Blogbudsman wrote: There was a time when HMO’s were considered a good thing. … HMO’s were formed to ‘manage’ doctors, review those performance excessive procedures, bring them back in line.
Correct me if I’m wrong, but I thought that the *original* HMO’s were something else entirely… My first memory of this term being used is for an entity that provided *both* health insurance and medical services. In other words, unlike today’s usual system, in which doctors and hospitals contract with insurers to provide particular services for a fee, the hospitals were *run by* the HMO, and the doctors were *employees of* the HMO.
The only HMO that I know of that still seems to work this way is Kaiser-Permanente. Is Kaiser still an HMO of this type? Are there any others?
It seemed to me at the time that this is a pretty good idea. There is lots of incentive to provide necessary preventative care. An HMO of this type *will* have an incentive to provide the least expensive care that does the job, but so will any insurer. And if the doctors are paid salaries, and don’t make extra money by performing extra procedures, the incentive to over-medicate or over-operate should be greatly diminished. Why didn’t this kind of HMO catch on?

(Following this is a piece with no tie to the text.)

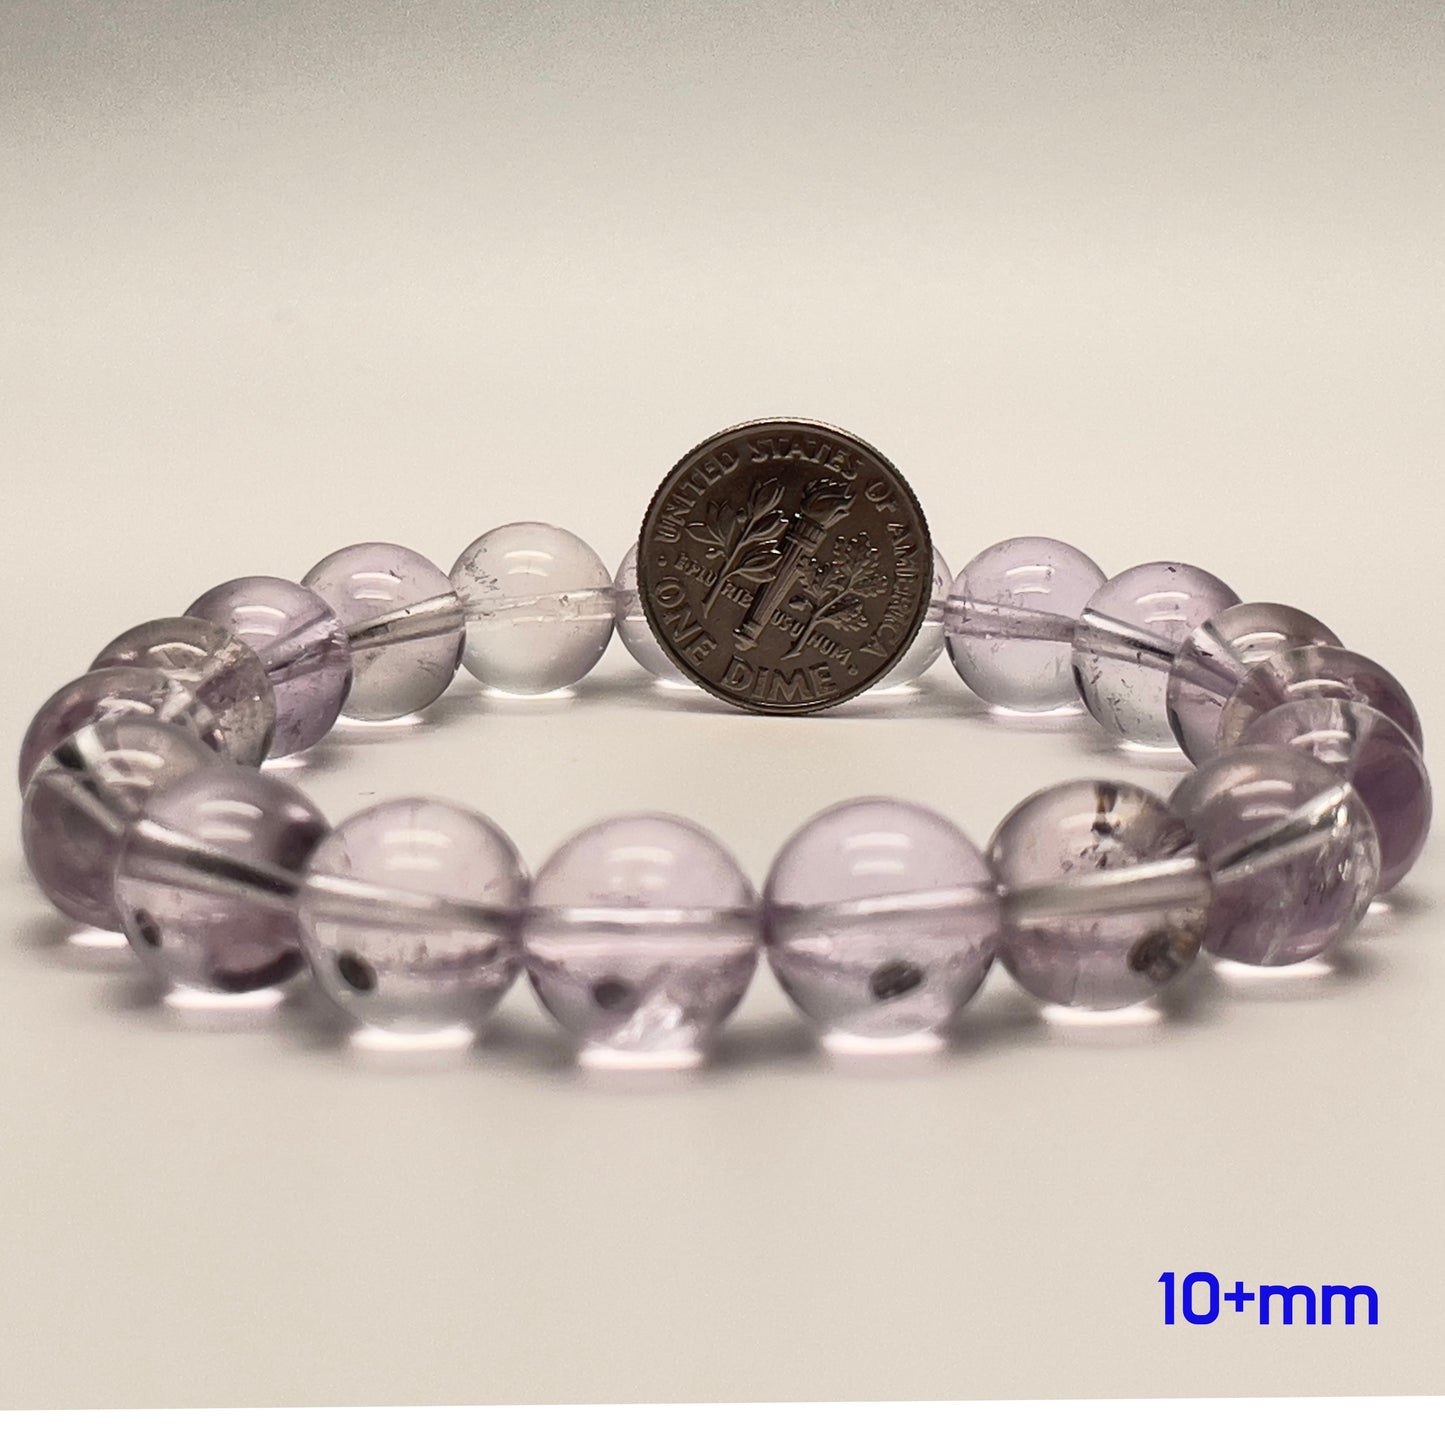 Stonelry Natural Amethyst Beaded Bracelet (10 to 12+ mm)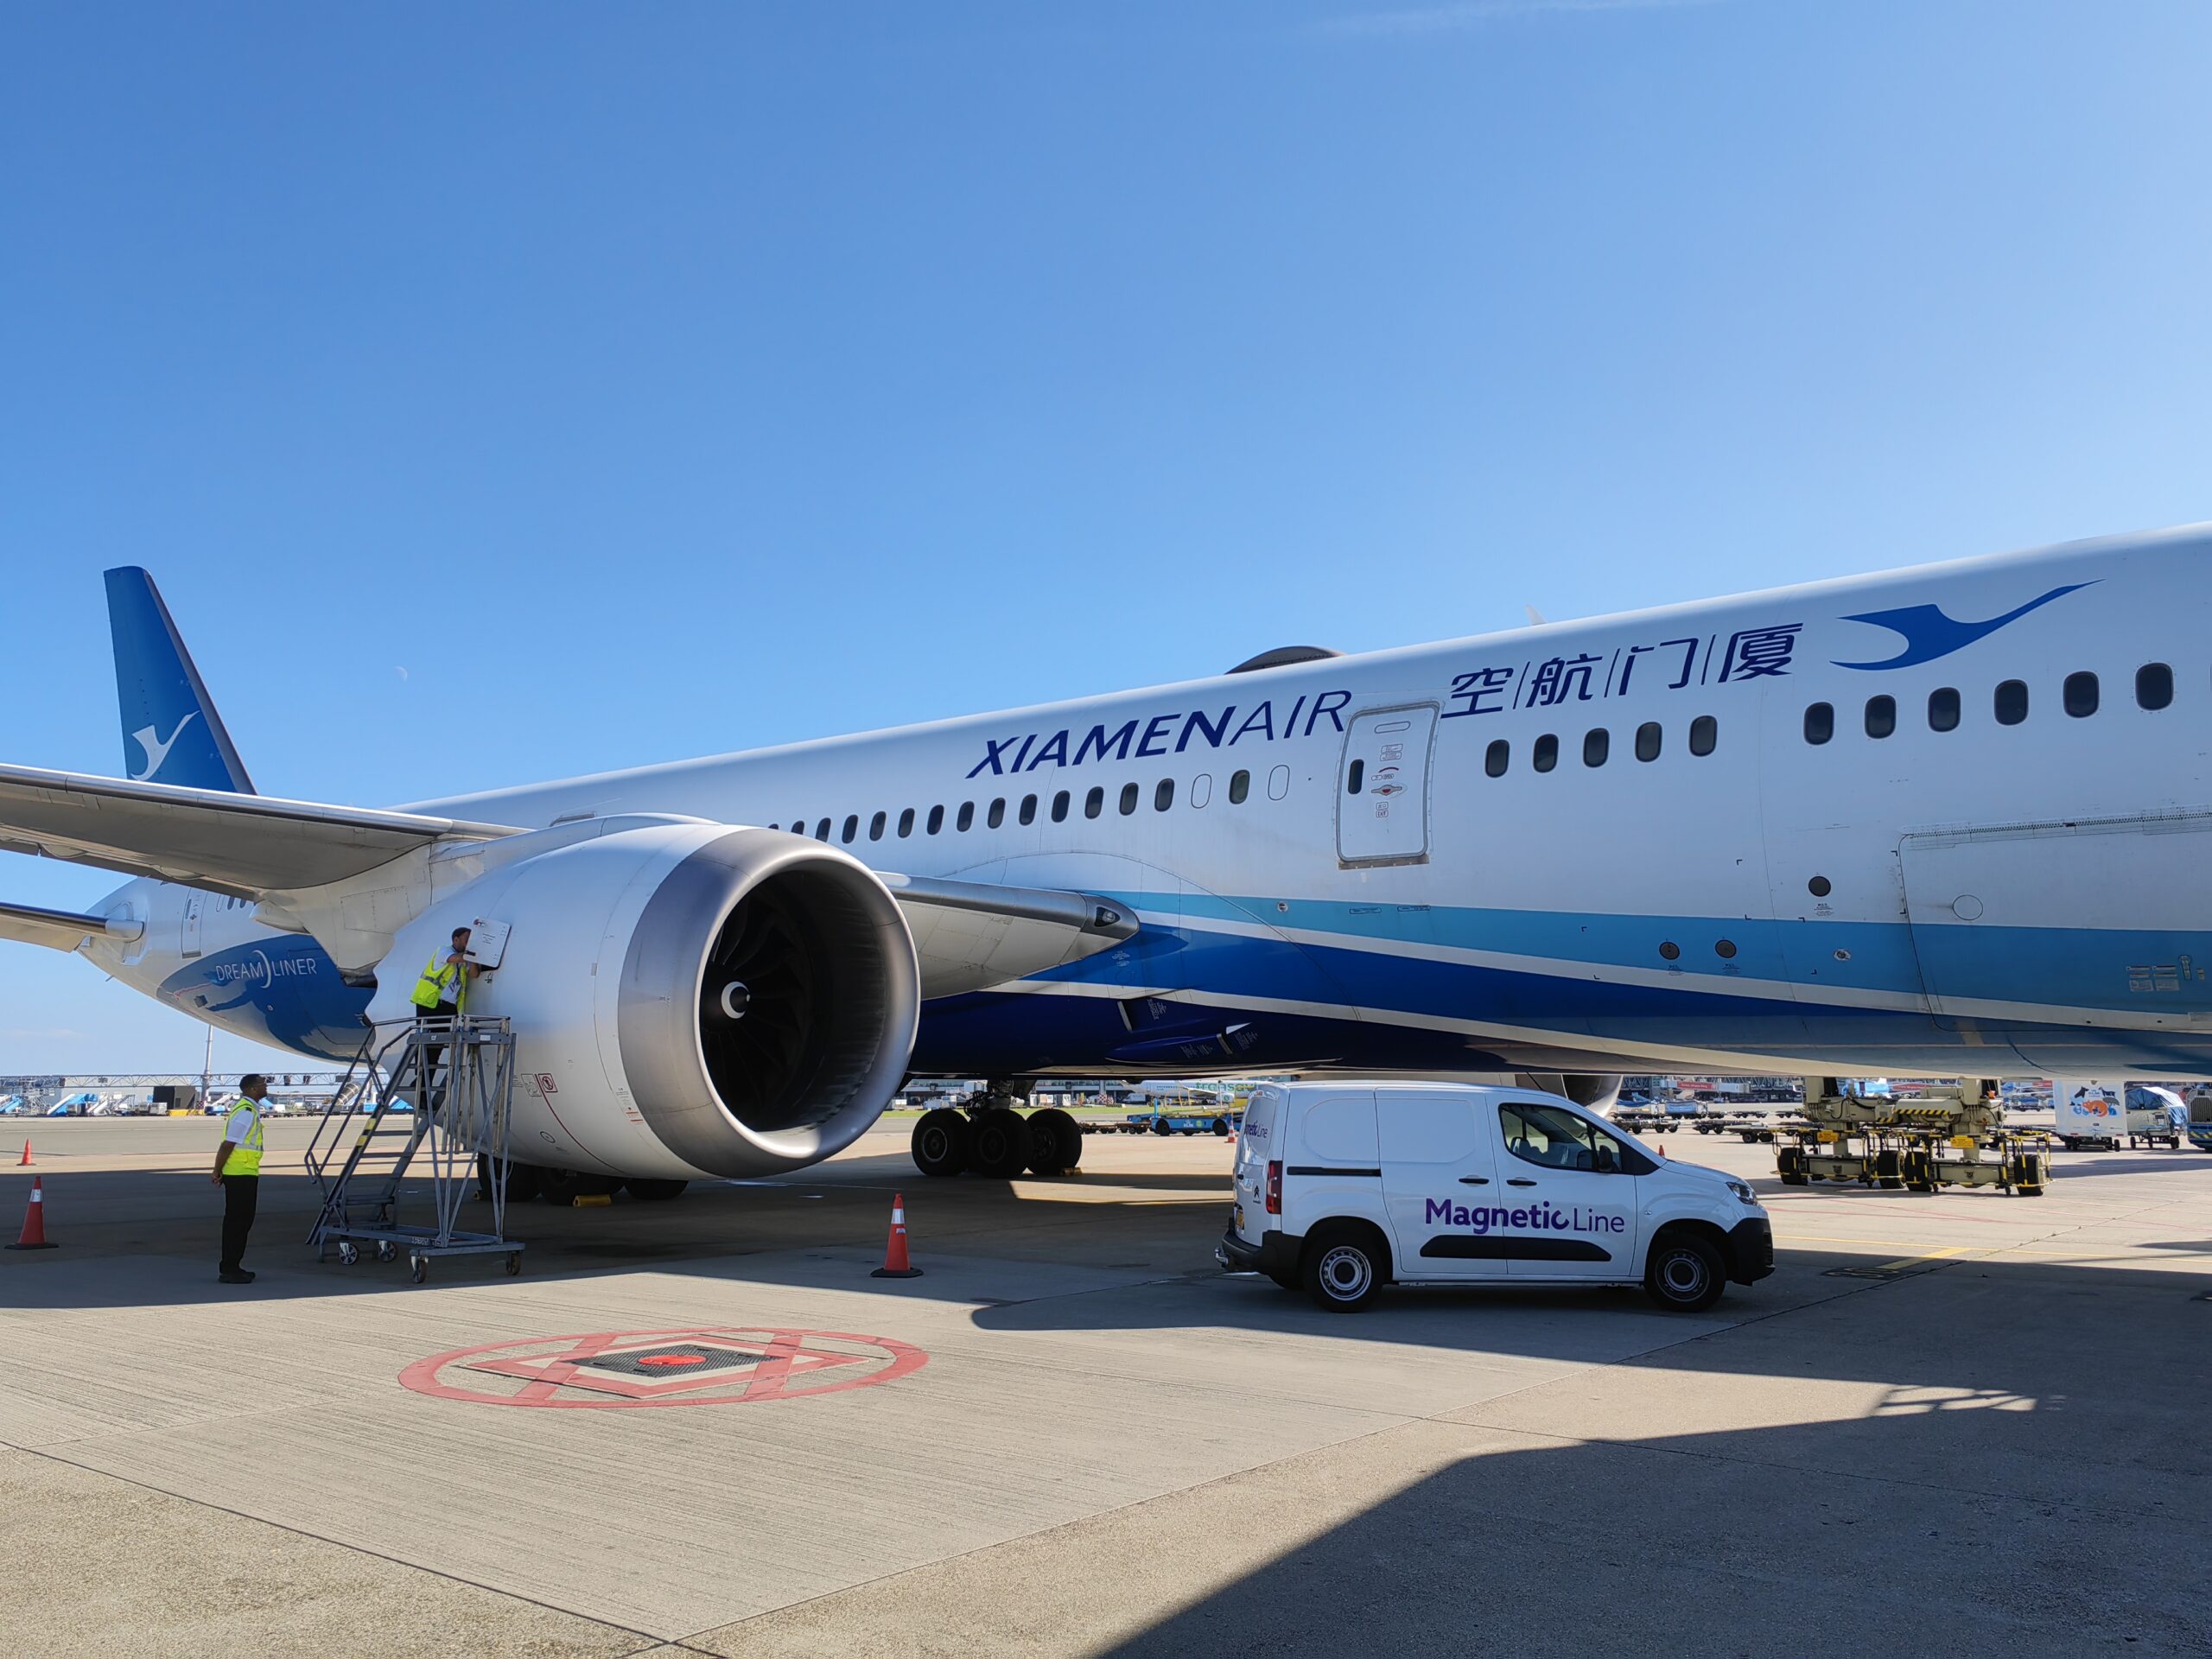 Magnetic Line Celebrates Significant Growth Partnering with Xiamen Airlines

However, many employers will not allow their employees time off for an illness without a doctor’s note
Where I work, and where my kids go to school, three consecutive sick days require a doctor’s note.
“What does an in-hospital birth cost these days? and pre-natal care?”
About $8,000. I know unfortunately from first hand experience.
Nah. I had a good idea of the truth of things; and that she was just playing around with me. It’s true that my use of “citizen” could be ambiguous, but really, could anyone have possibly mistaken me to mean she wasn’t a citizen of any country at all?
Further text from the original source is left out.